Dataset extract:
- - -

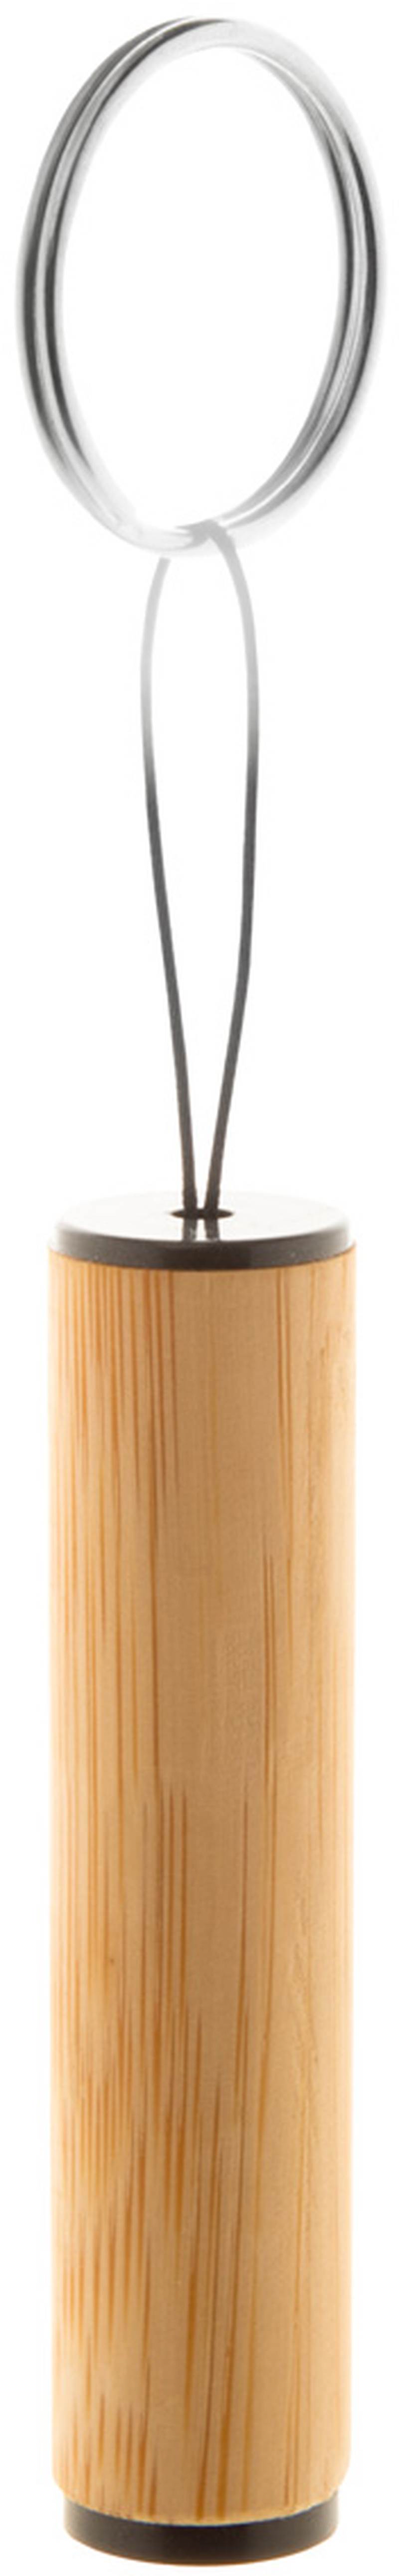 Baterka z bambusu Lampoo
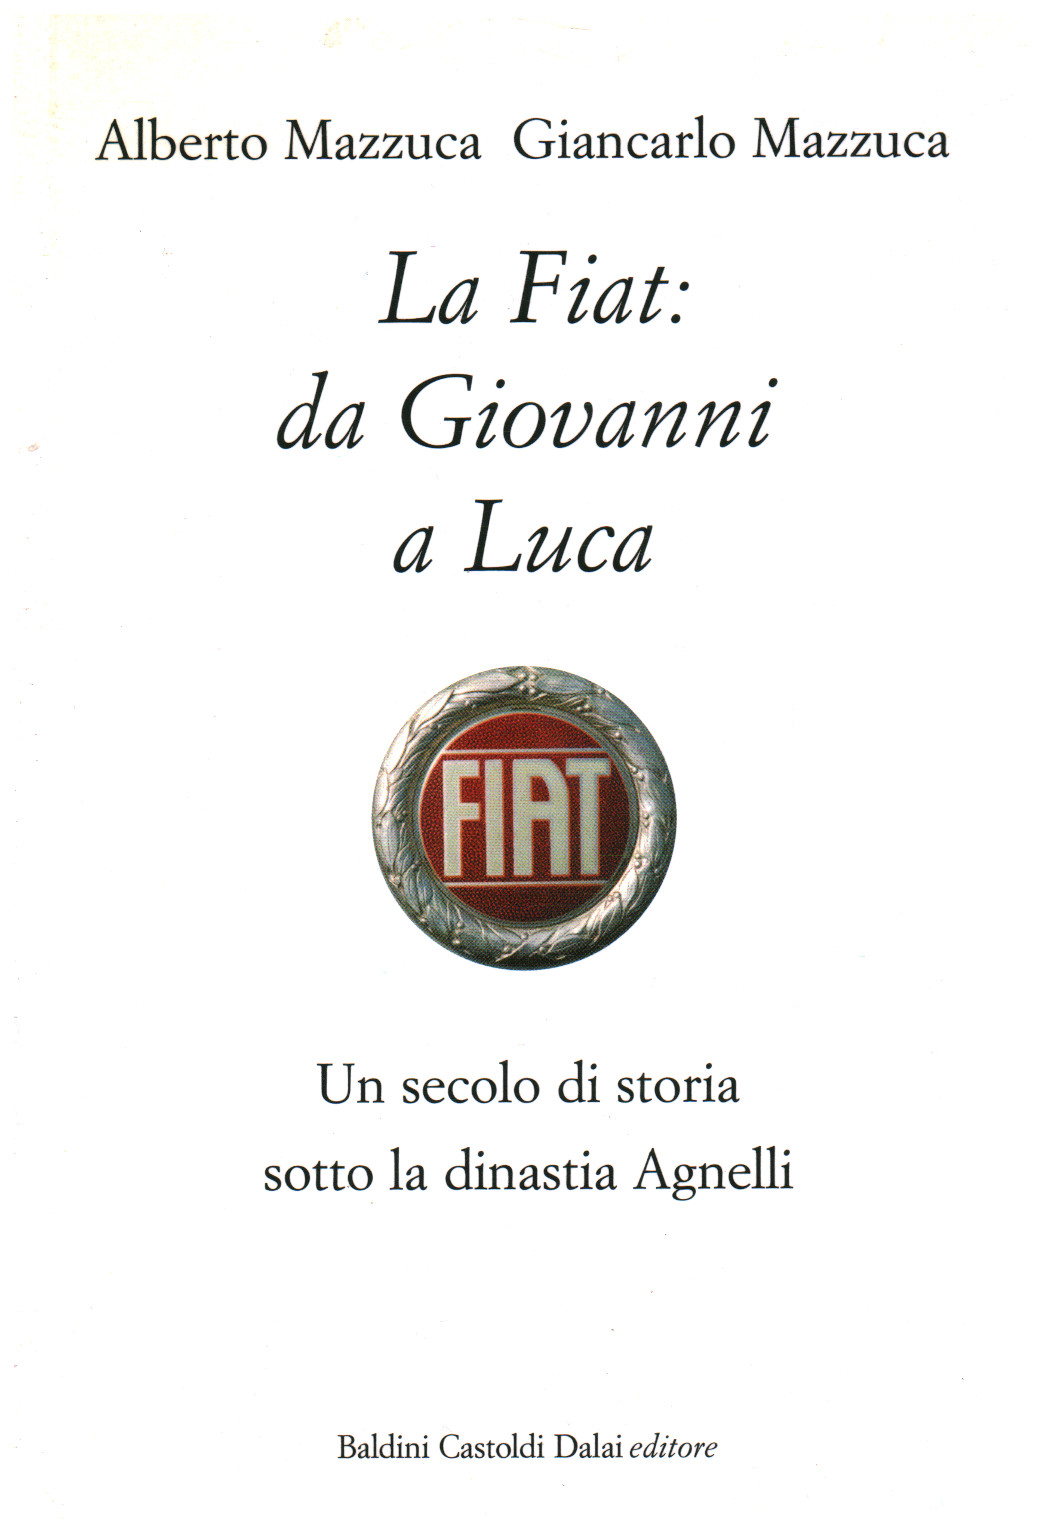 La Fiat: da Giovanni a Luca, s.a.
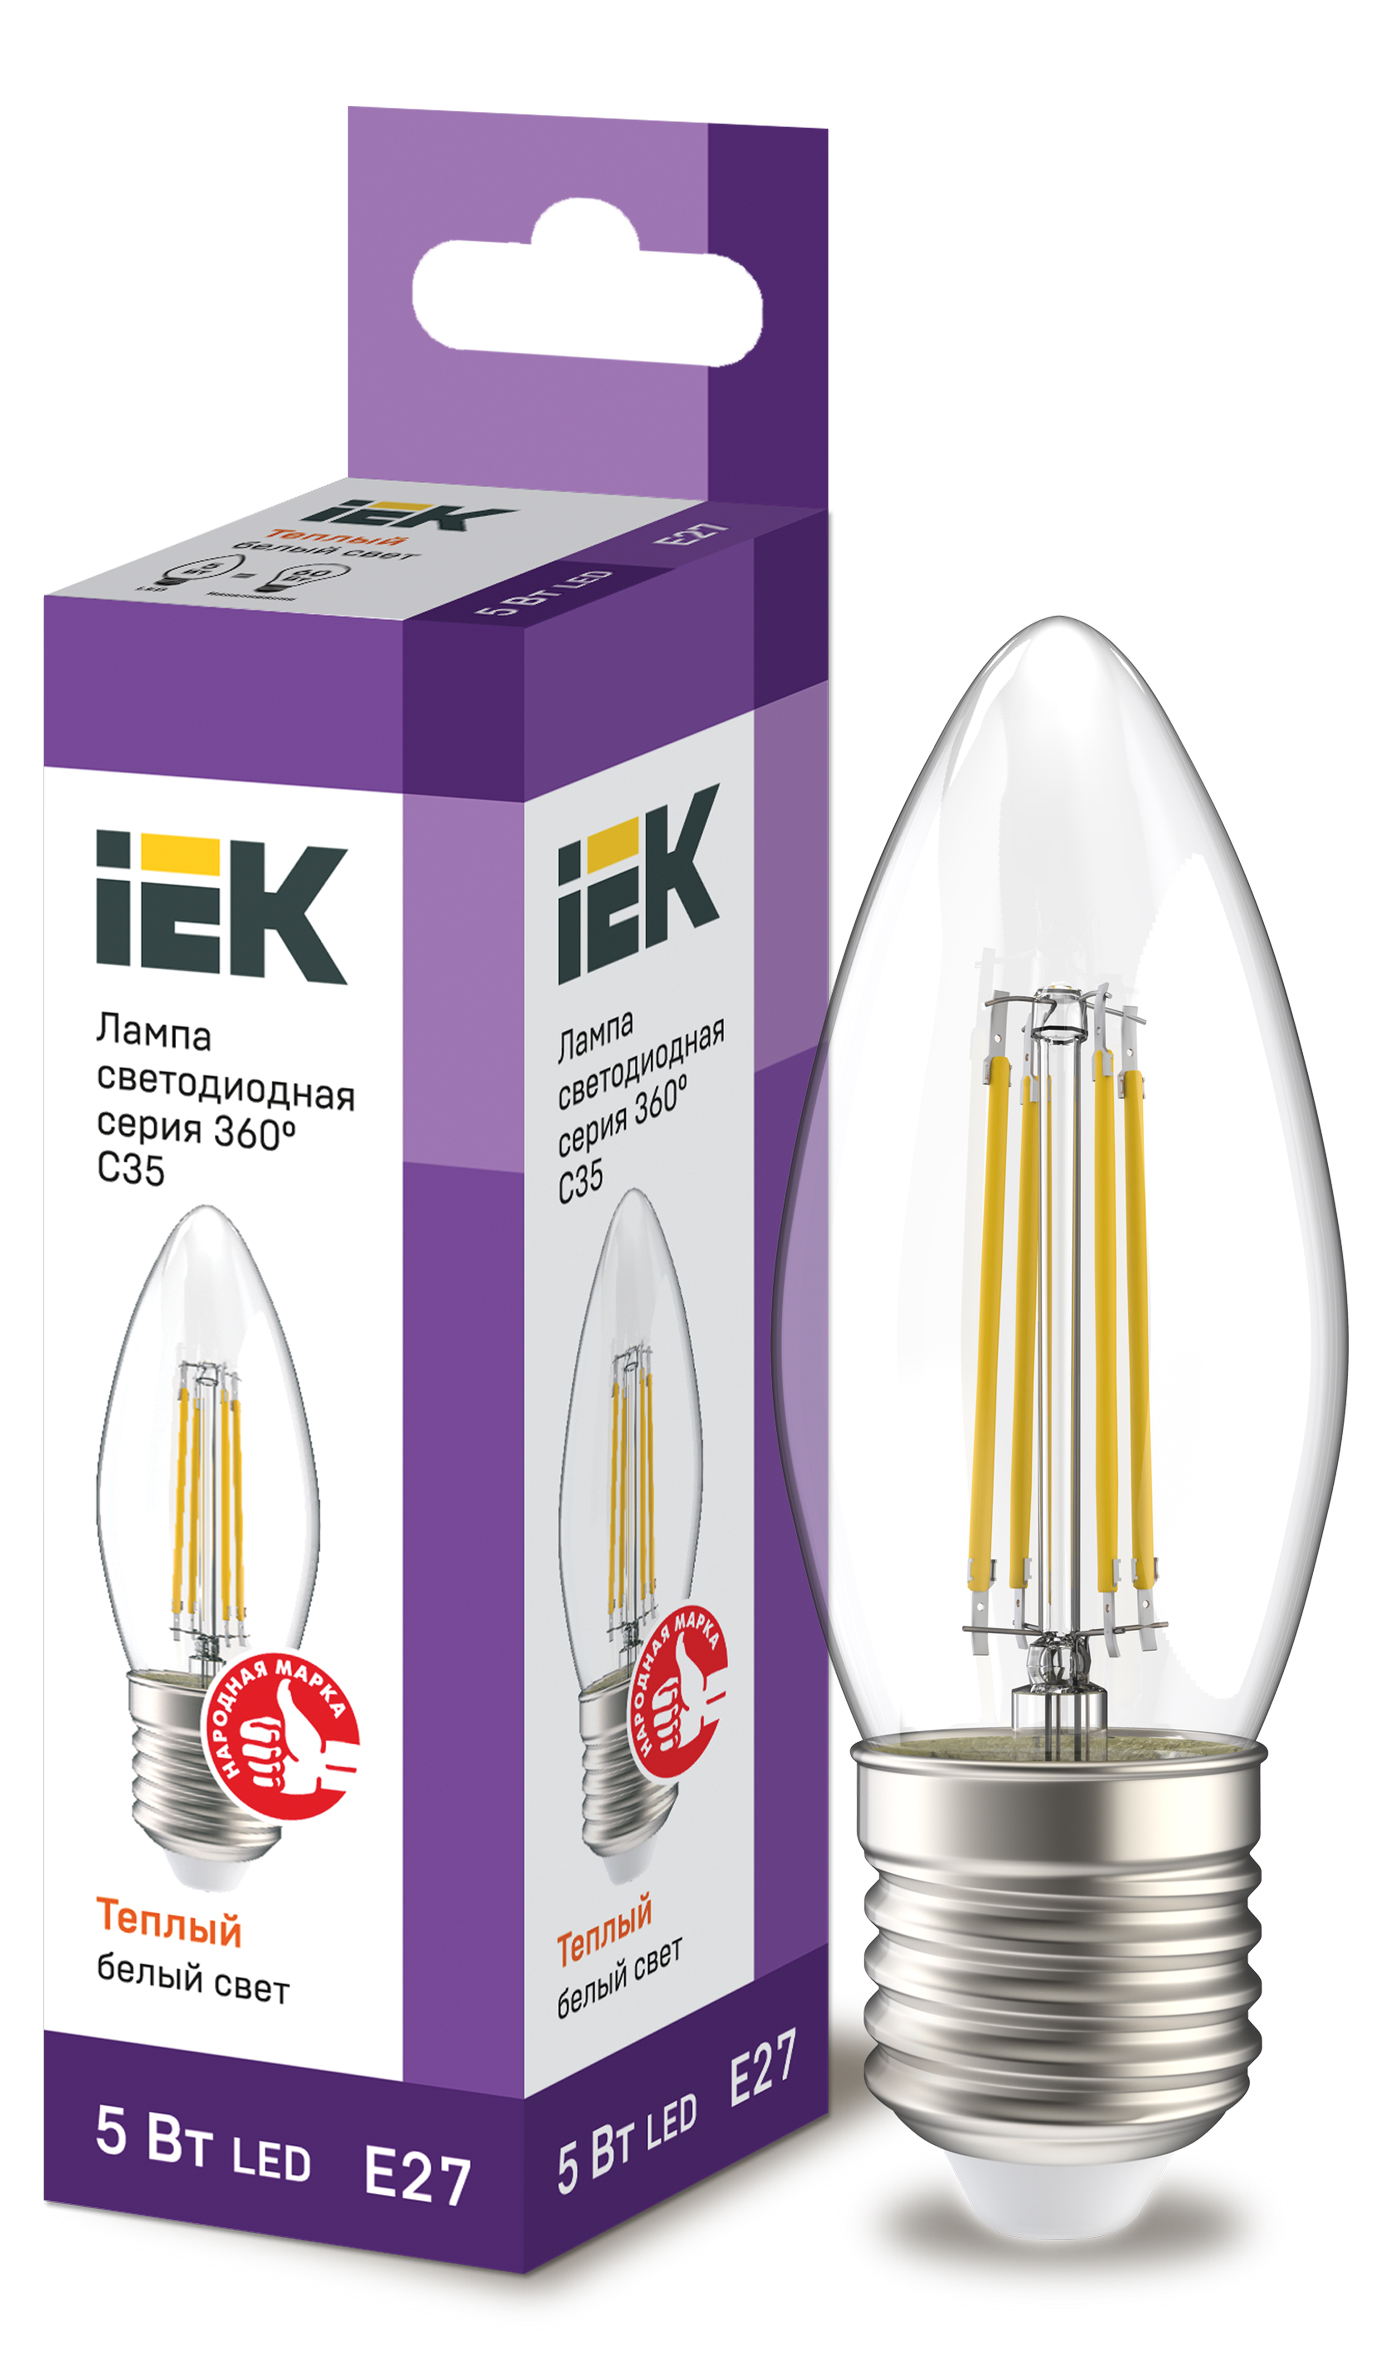 IEK Лампа LED C35 свеча прозрачный 5Вт 230В 3000К E27 серия 360°

- - -

What to produce: With the pictures left out, output exactly the lines from the one with "La Fiat: da Giovanni a Luca, s.a." through the end of the listing above, both ends included.

Finished exercise:
 La Fiat: da Giovanni a Luca, s.a.
 IEK Лампа LED C35 свеча прозрачный 5Вт 230В 3000К E27 серия 360°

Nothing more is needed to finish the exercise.